Atlanta’s moment of silence for Boston after the attack
By David Pendered
Atlantans are paying quiet respects to Boston following the explosions during the Boston Marathon.
Artist Walter Cumming was watching the event live on an internet feed, drawing during the race, and posted drawings from his sketchbook scant hours after the blasts. Atlanta Mayor Kasim Reed issued a statement. MARTA and other agencies advised that security has been increased, including what appear to be additional patrol cars parked near the state Capitol.
On Thursday, Atlanta Councilmember H. Lamar Willis intends to honor Boston’s victims with a moment of silence before his weekly run/walk, which he does with city employees.
Atlanta knows the pain of bombs that hurt civilians.
Marks from the bomb that went off in Centennial Olympic Park during the 1996 Summer Olympic Games remain on a statue in the park.
The next year, bombs detonated at an abortion clinic in Sandy Springs and at a lesbian bar in Atlanta.
The heightened state of anxiety has led to extra vigilance. Two alarms proved to be false.
A suspicious package inside a Wells Fargo Bank at 4454 Roswell Road was reported Wednesday at 11:05 a.m. to Atlanta police, police said. The bank was evacuated, the intersection of Roswell near Wieuca Road was shut to vehicles and pedestrians. A SWAT team arrived and examined the package – determining it was guidebooks.
On Tuesday, at about 1 p.m., Atlanta police officers responded to a call near Turner Field, near Hank Aaron Drive and Georgia Avenue, concerning a suspicious package under a garbage can that appeared to contain an electronic device. The call was made by the ballpark’s security squad, which was out on routine patrol. A SWAT team responded, and police said the device appeared to be no threat.
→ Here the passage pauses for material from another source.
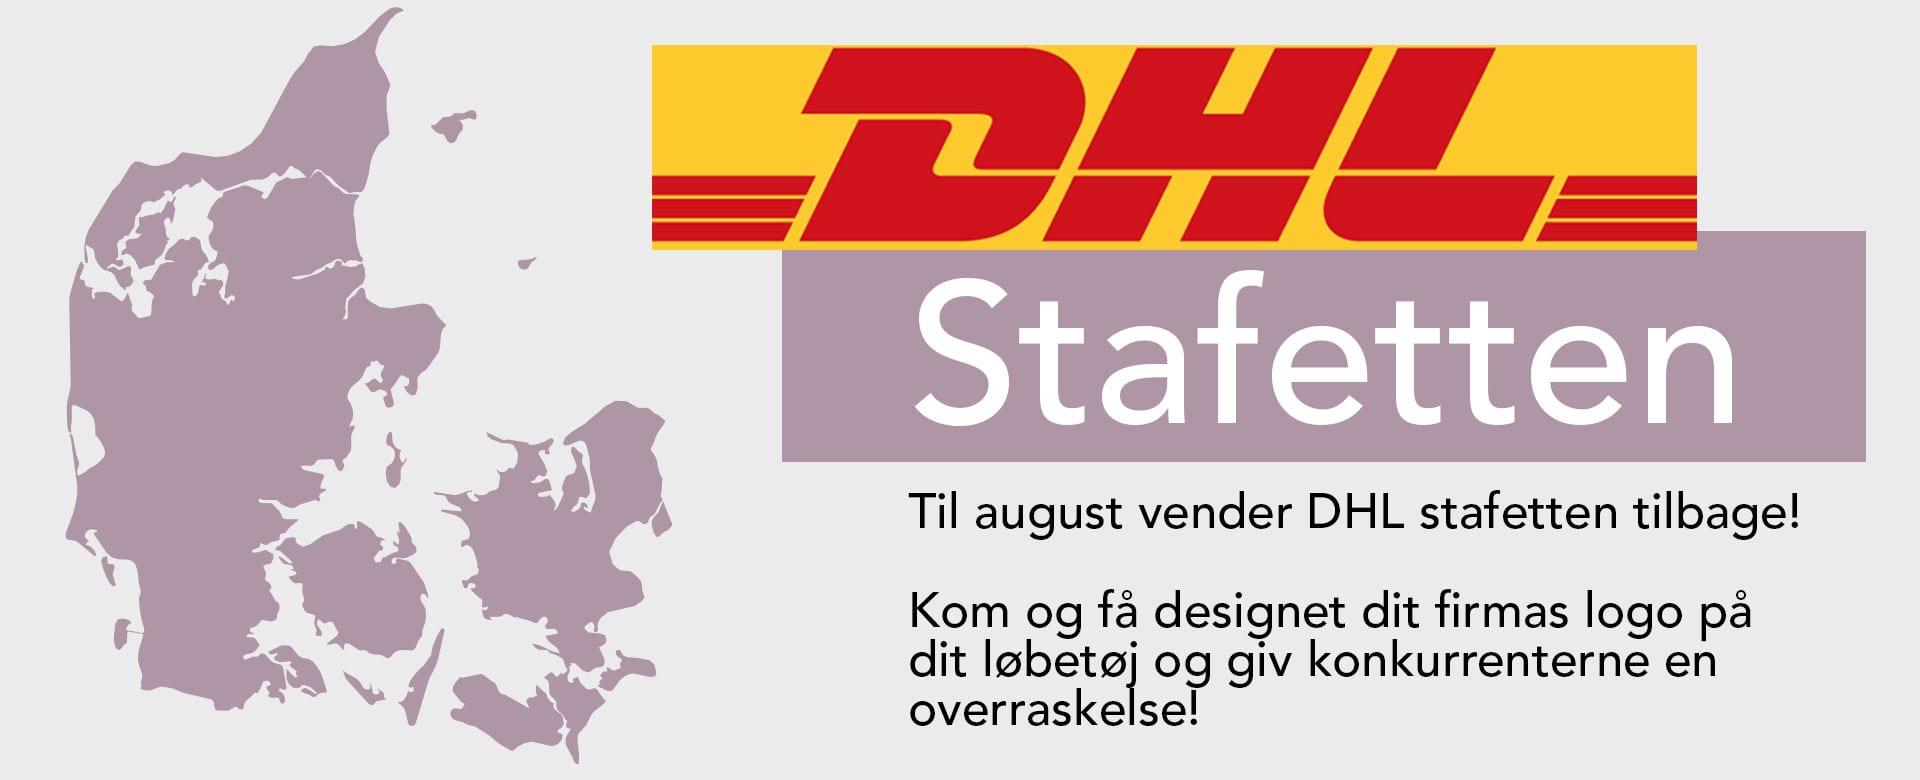 Til august vender DHL stafetten tilbage! Kom og få designet dit firmas logo på dit løbetøj og giv konkurrenterne en overraskelse!
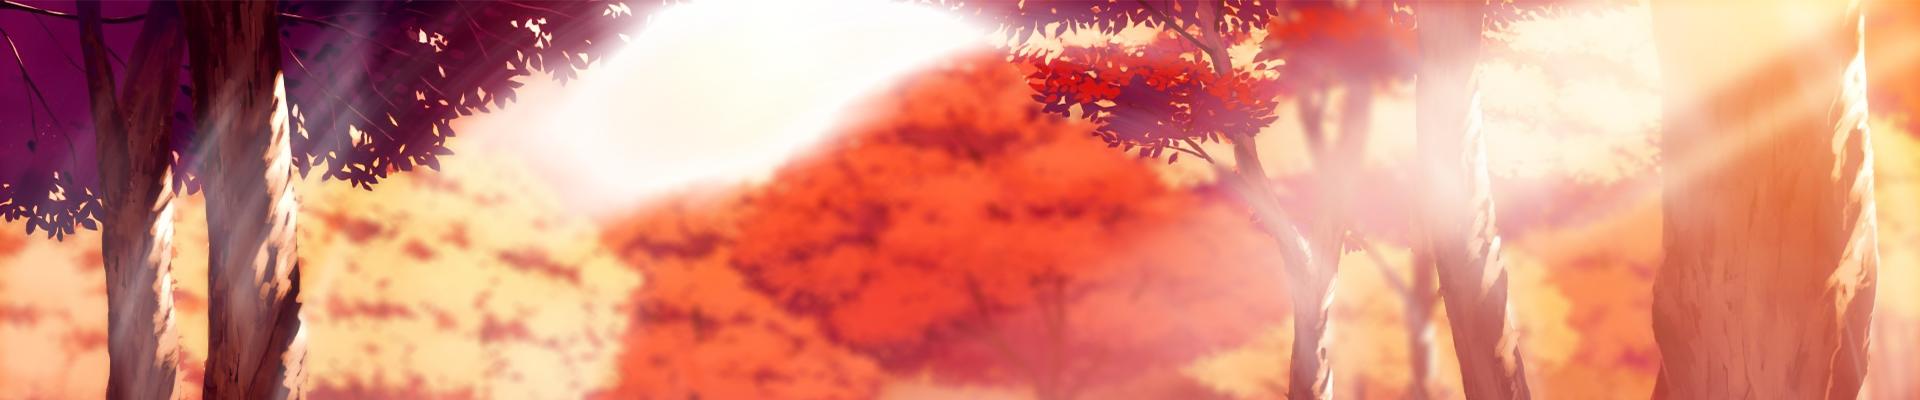 Аниме-сезон осени 2014 г. (Ванильный апокалипсис.) - Изображение 5

Cumming, the artist, posted his drawings beneath a two-paragraph introduction. It reads:
- “This is a nightmare. I have run and finished 10 Boston marathons from 1979 to 2007 (2:34:52 best time). Even among runners, I would qualify as a Boston fanatic. “This is a tragedy beyond my imagination. My sacred Boston Marathon will never be the same. My heart goes out to the runners, spectators and families who are affected.
- “These sketches were drawn live in my sketch book from an internet live stream in my studio in Atlanta this [Monday] morning. The top women and men finished around noon, about three hours before the bombs.”
Reed issued this statement early Monday evening:
“My thoughts and prayers are with the City of Boston today and all those who have been affected by today’s tragic events. I am deeply saddened to hear of the loss of life and injuries suffered by so many people. Here at home, the City of Atlanta’s First Responders are currently taking additional measures to enhance the safety of our citizens and protect them from senseless acts of violence.”
Note to readers: Pendered and Cumming worked together for many years at The Atlanta Journal-Constitution.